■ What needs to be done: Pictures must not appear in the copy. Reproduce exactly, and only, the lines from the one with "a long thin" through the end of the data below.

■ Provided data:

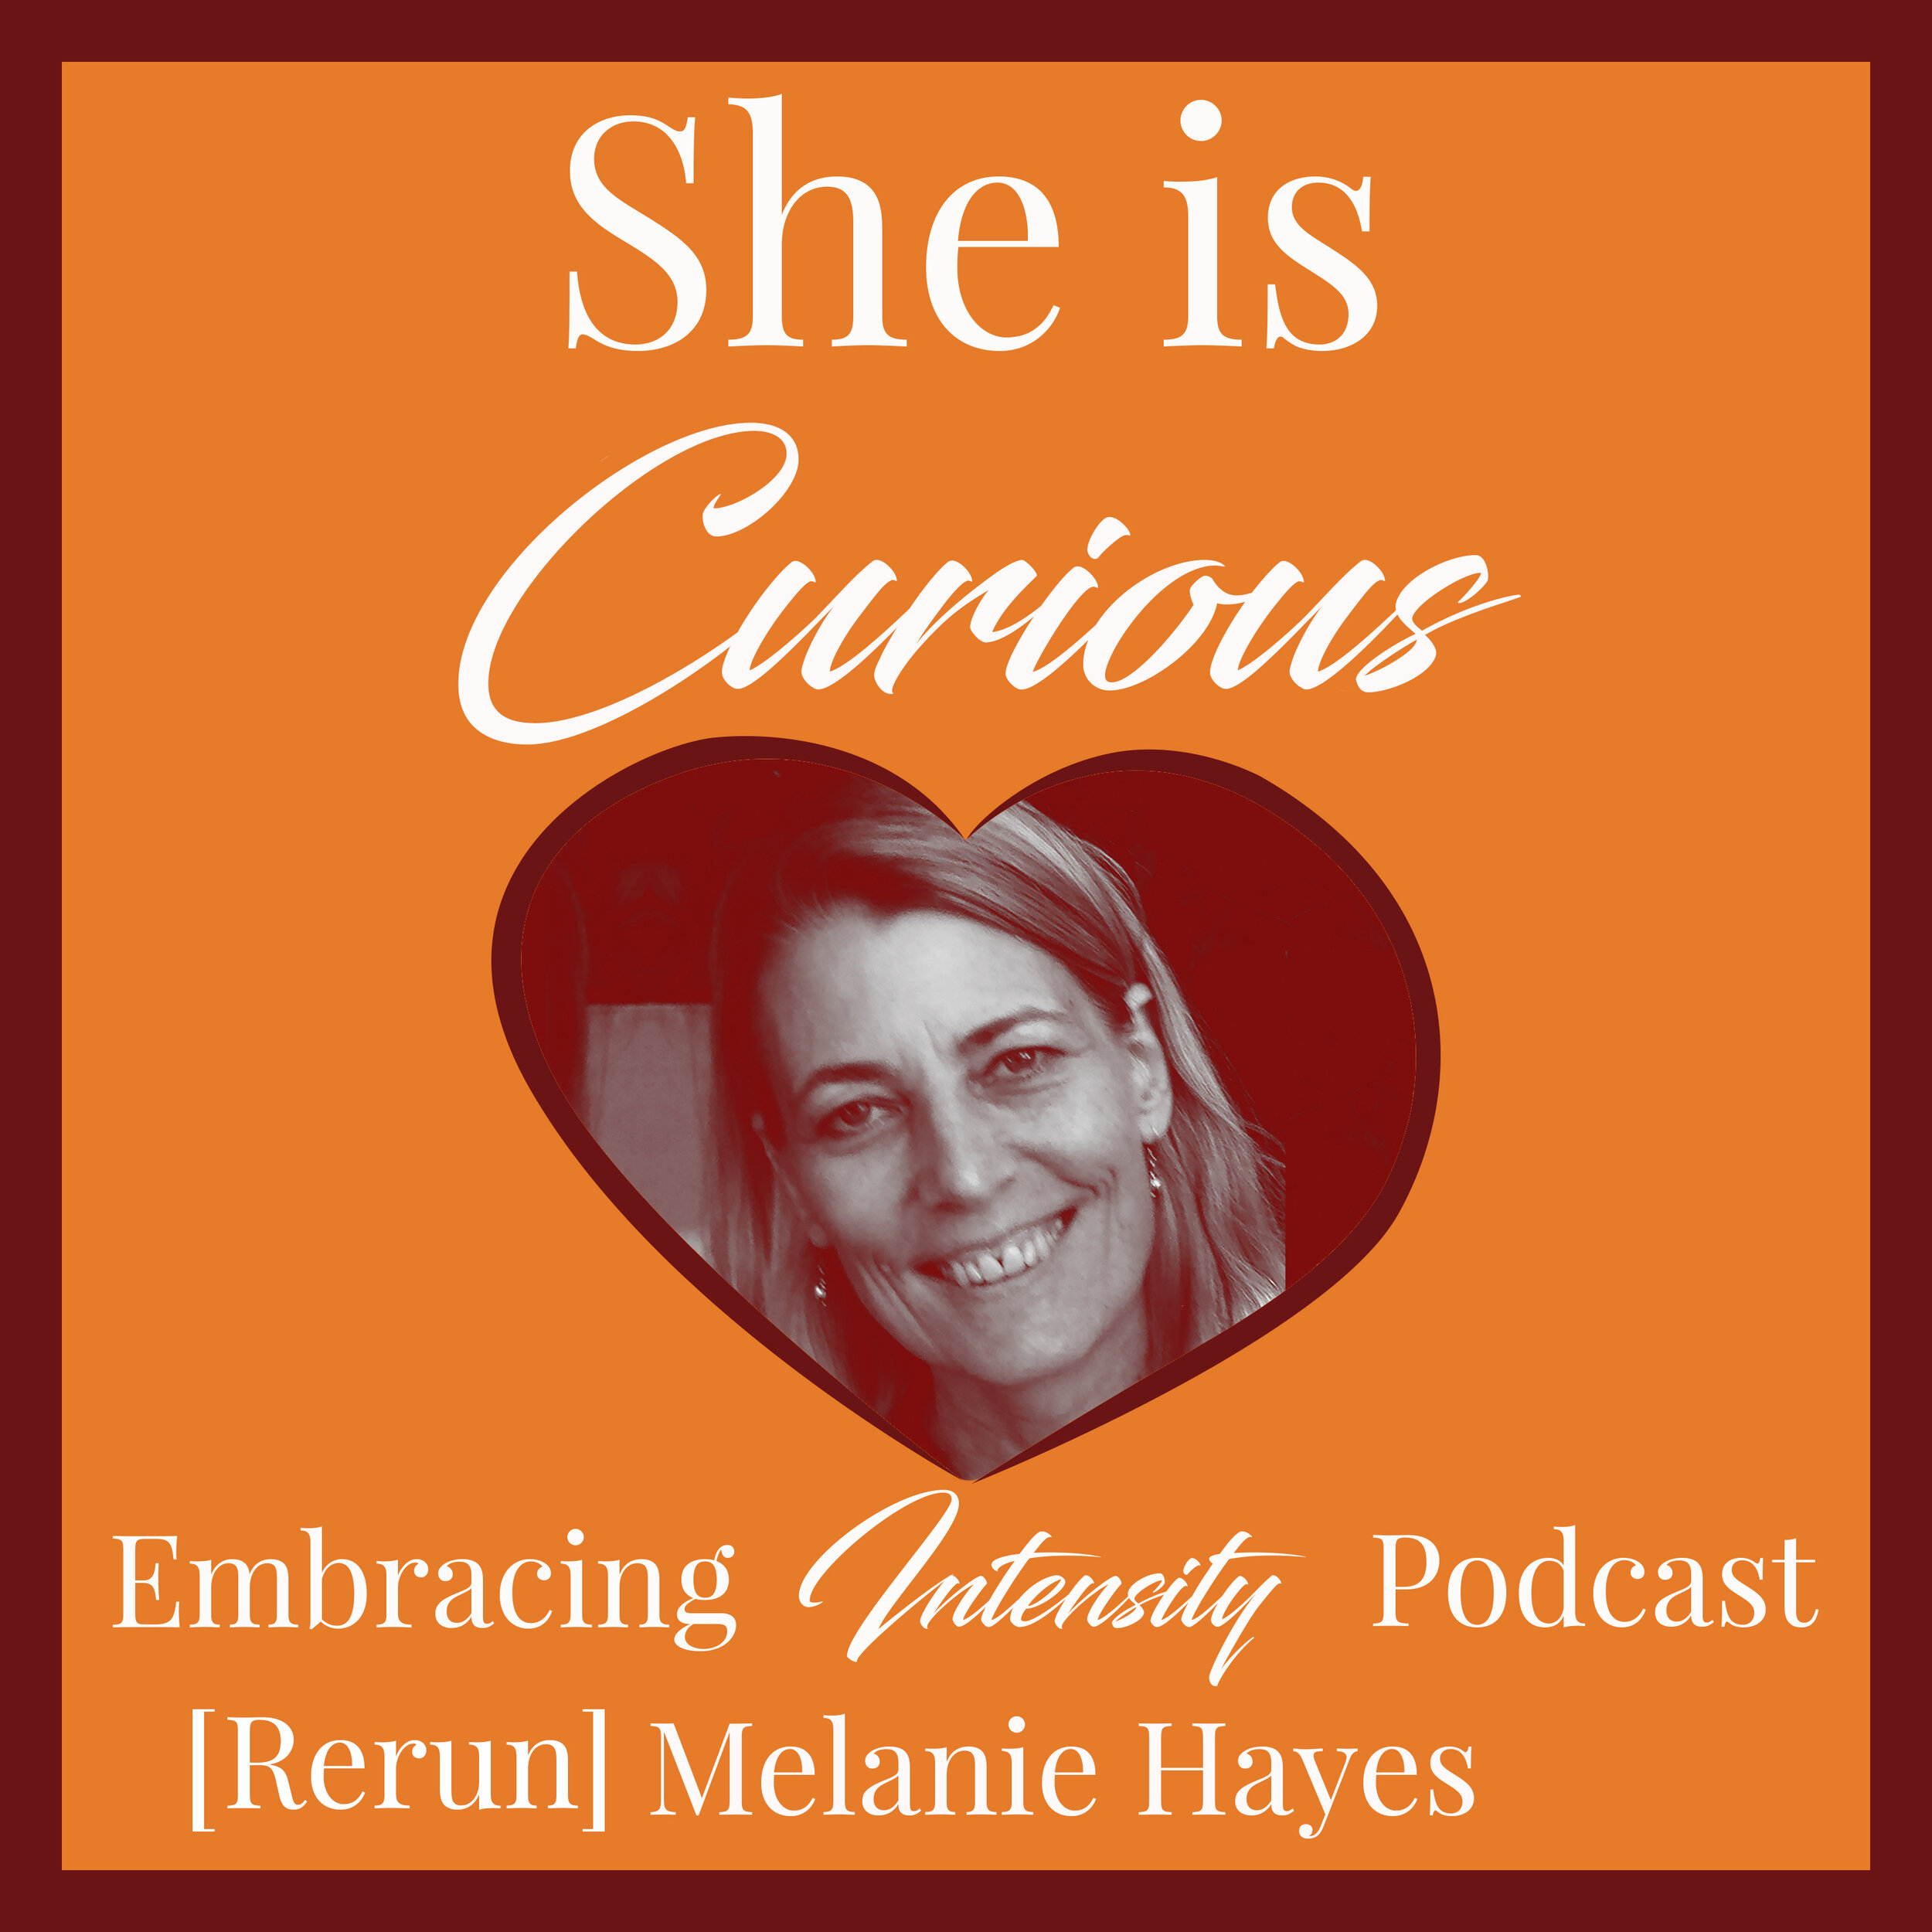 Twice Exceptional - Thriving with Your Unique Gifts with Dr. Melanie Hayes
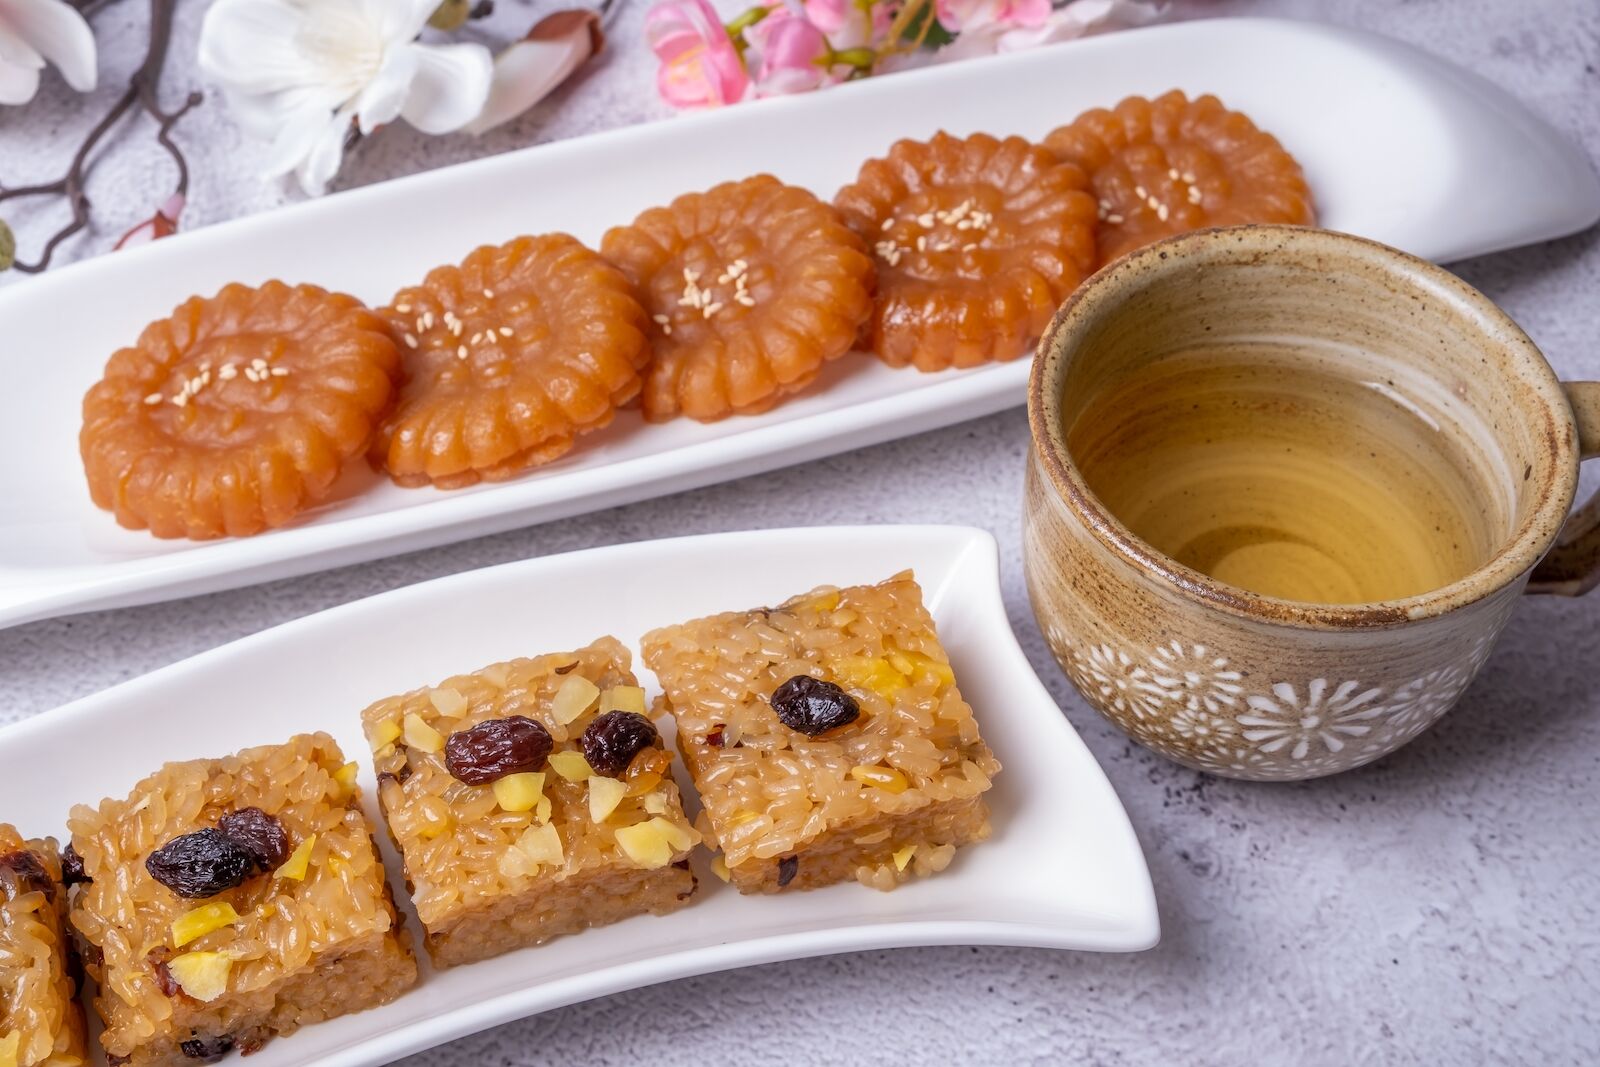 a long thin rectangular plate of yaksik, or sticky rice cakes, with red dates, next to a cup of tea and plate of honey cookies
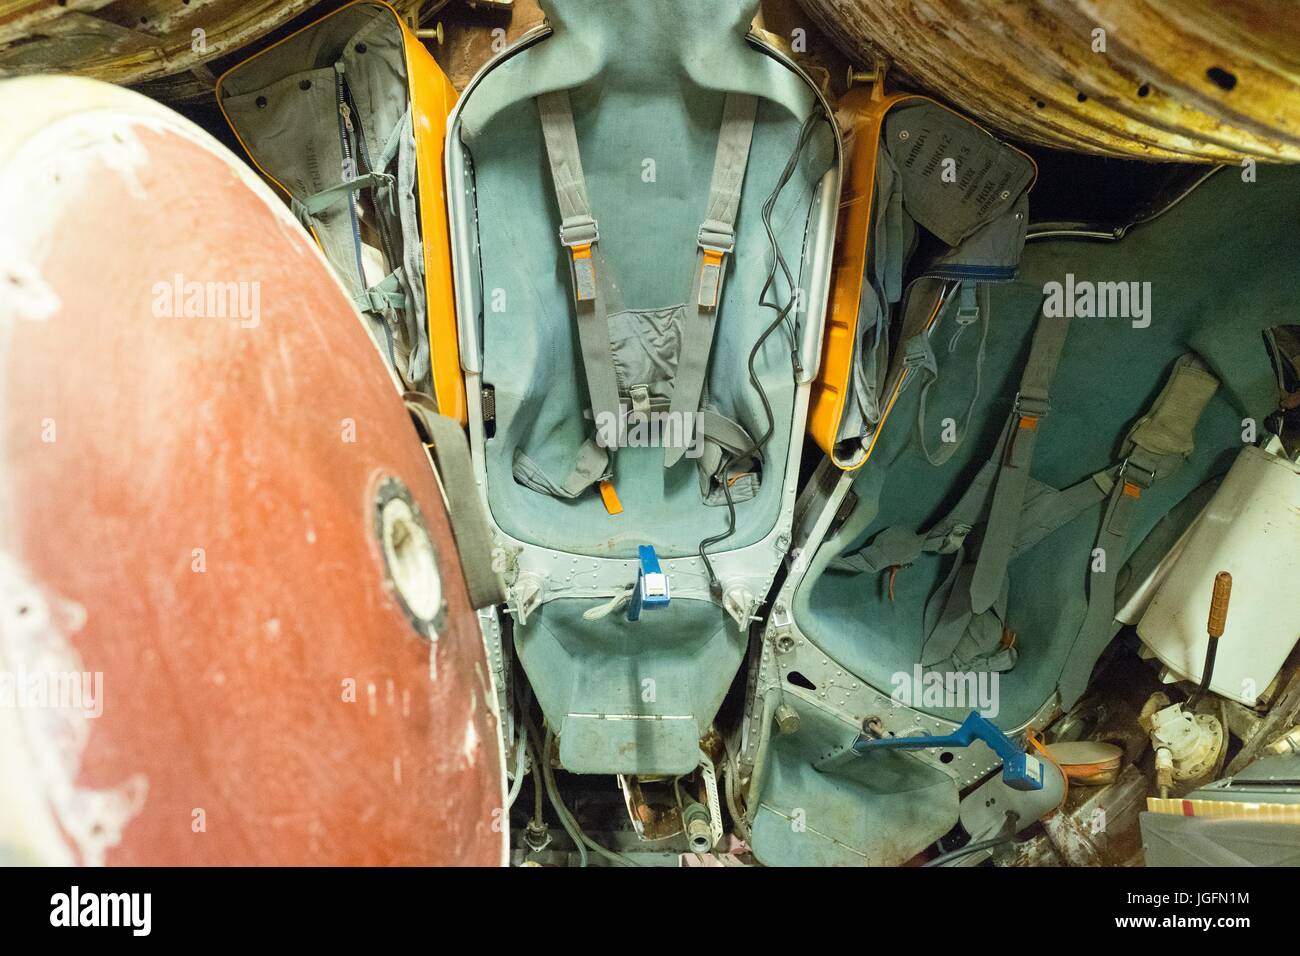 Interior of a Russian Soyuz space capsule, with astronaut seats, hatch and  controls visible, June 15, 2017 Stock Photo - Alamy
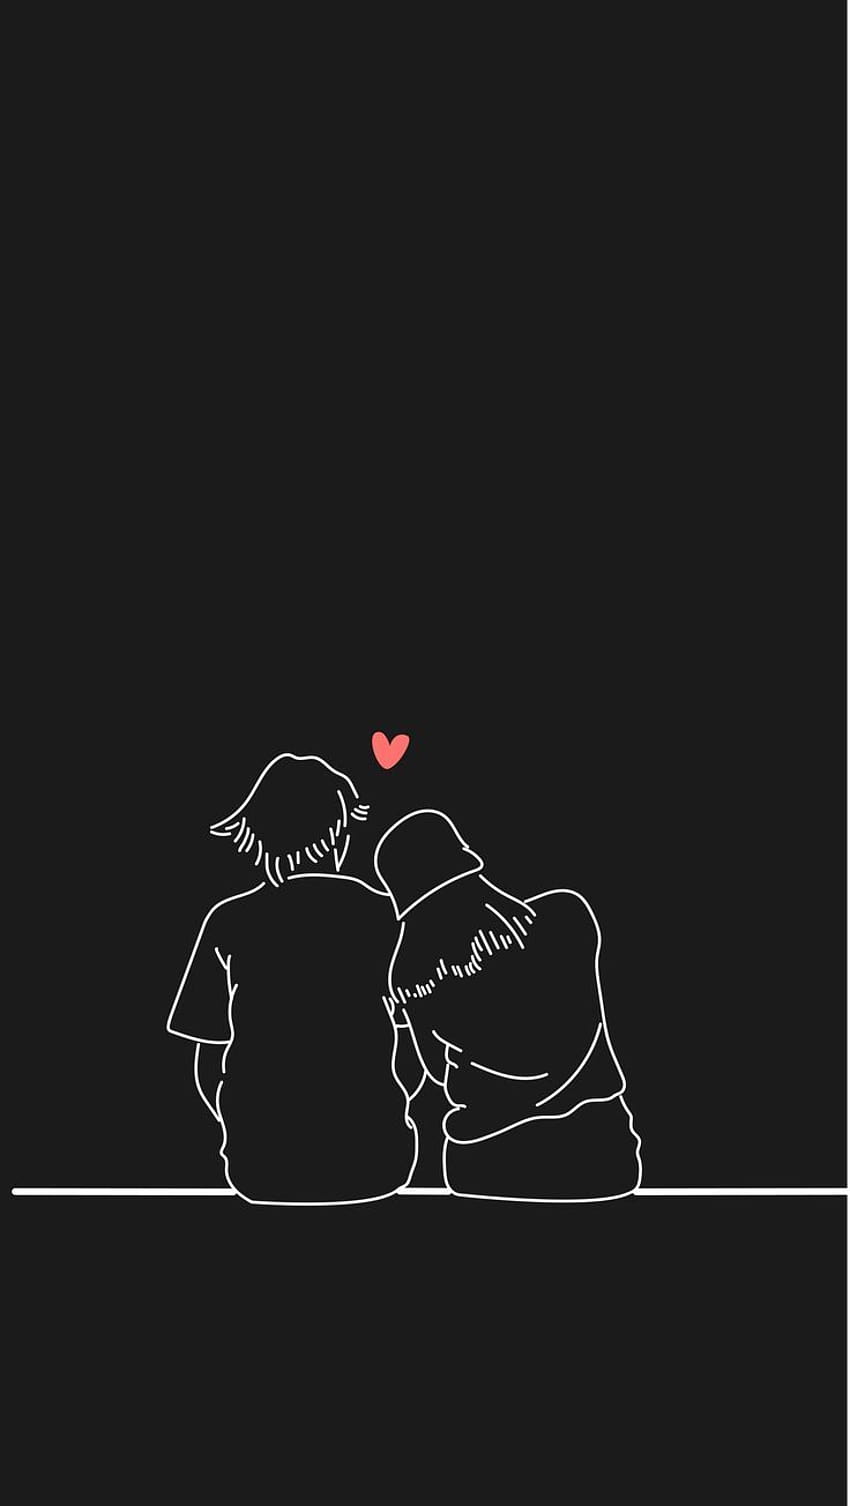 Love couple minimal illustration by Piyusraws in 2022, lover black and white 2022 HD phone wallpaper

■ Written answer:
 a long thin rectangular plate of yaksik, or sticky rice cakes, with red dates, next to a cup of tea and plate of honey cookies
 Interior of a Russian Soyuz space capsule, with astronaut seats, hatch and  controls visible, June 15, 2017 Stock Photo - Alamy
 Love couple minimal illustration by Piyusraws in 2022, lover black and white 2022 HD phone wallpaper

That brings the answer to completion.